> [ACTIVITY]:
Find the line with "51% of workers" in the records below. Output exactly from there until after the line with "PB&J muffins in", without pictures.

> [RECORDS SHOWN]:

==============================

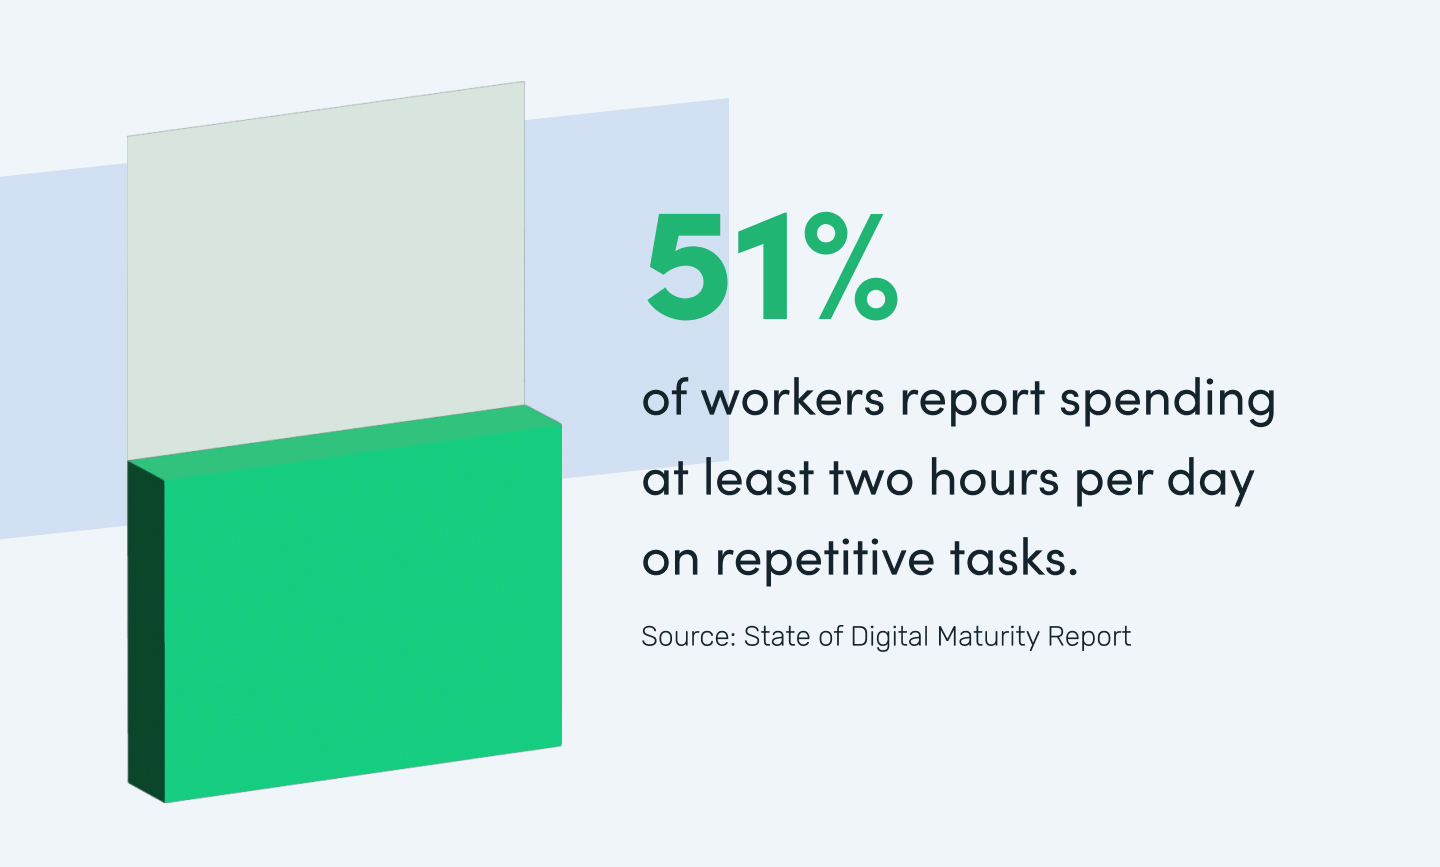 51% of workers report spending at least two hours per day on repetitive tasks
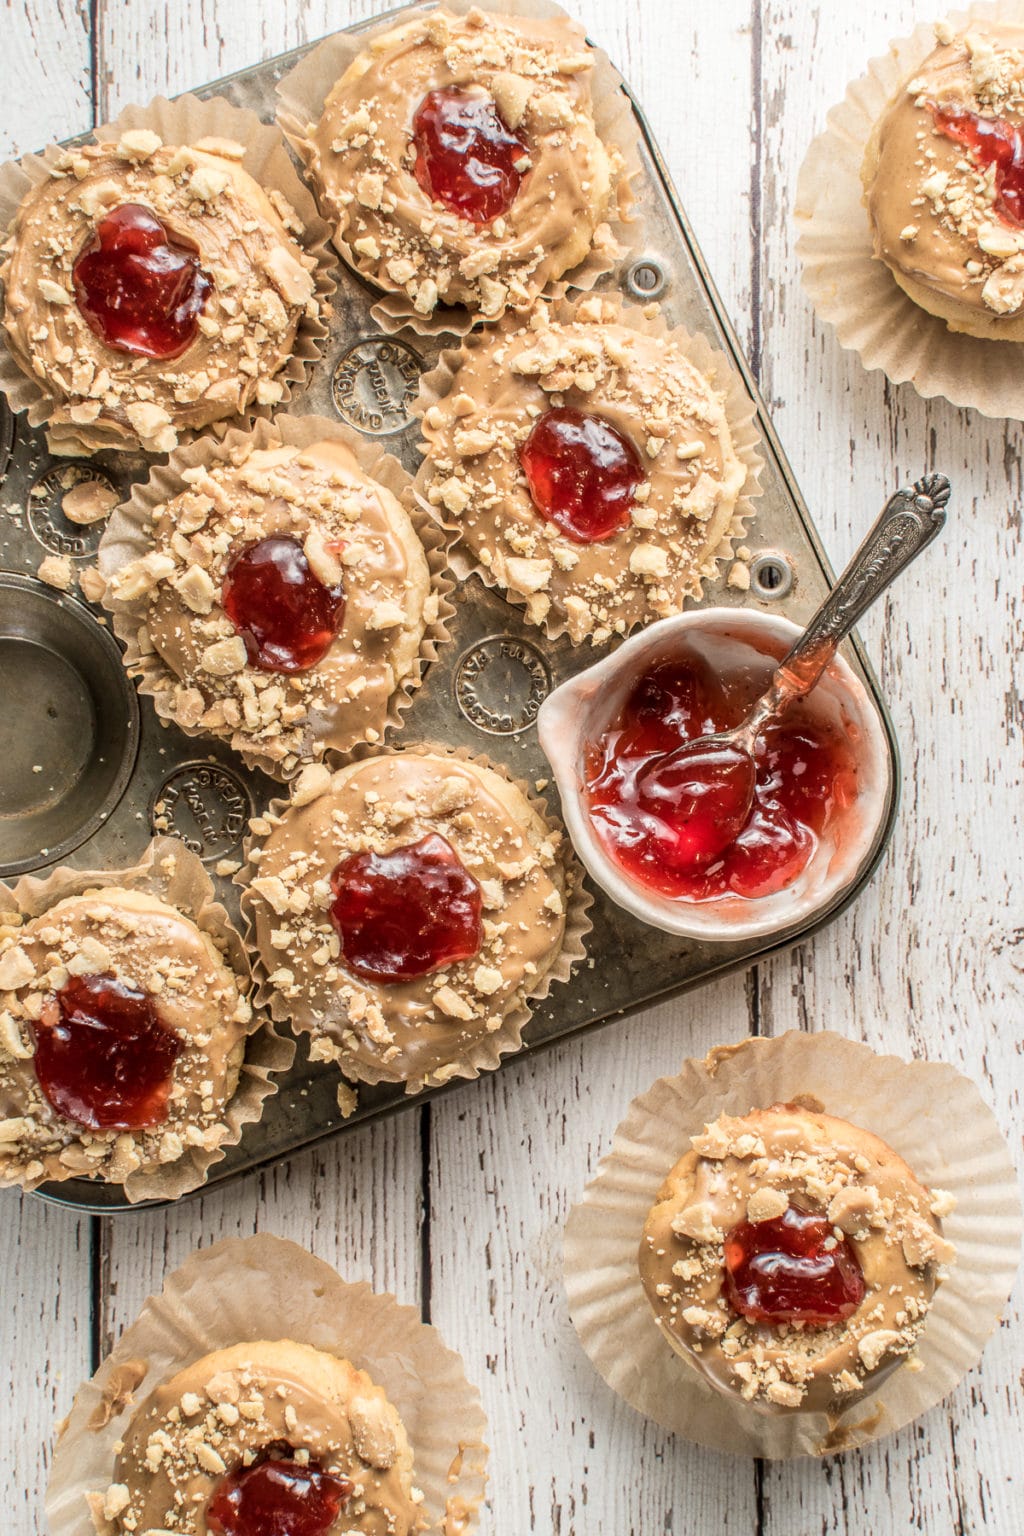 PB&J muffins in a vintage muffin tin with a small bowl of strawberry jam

==============================

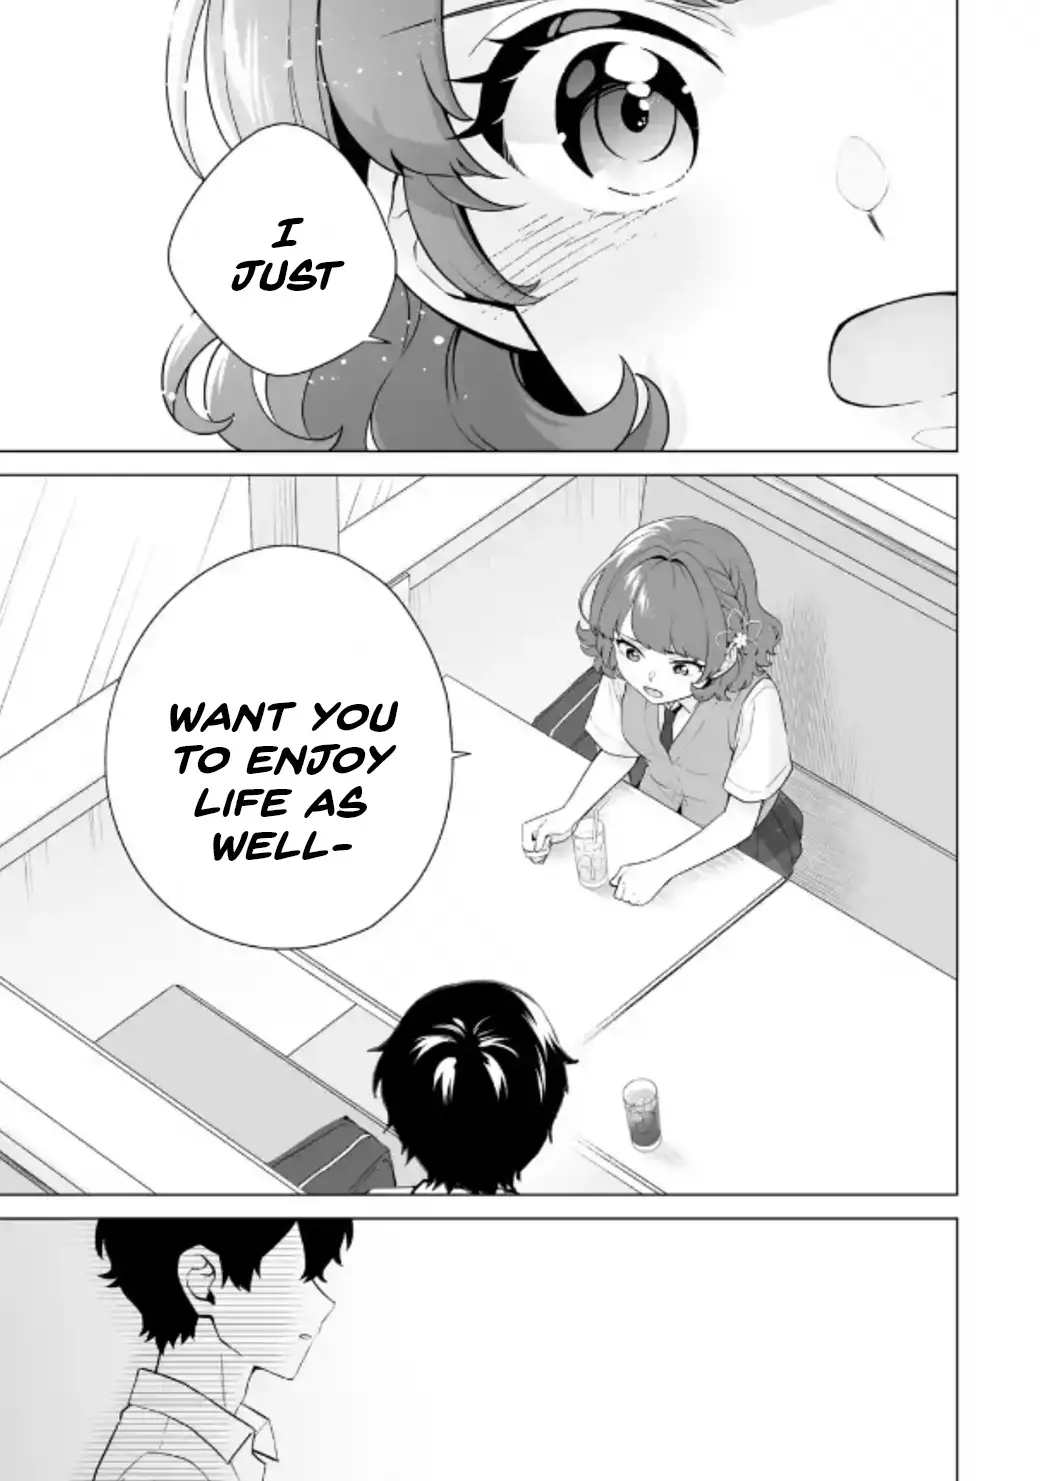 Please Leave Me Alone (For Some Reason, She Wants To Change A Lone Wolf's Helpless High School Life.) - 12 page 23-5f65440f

==============================

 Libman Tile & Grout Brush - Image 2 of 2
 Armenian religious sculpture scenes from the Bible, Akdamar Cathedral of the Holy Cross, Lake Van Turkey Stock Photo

==============================

> [RESPONSE FOR THIS EXERCISE]:
 51% of workers report spending at least two hours per day on repetitive tasks
 PB&J muffins in a vintage muffin tin with a small bowl of strawberry jam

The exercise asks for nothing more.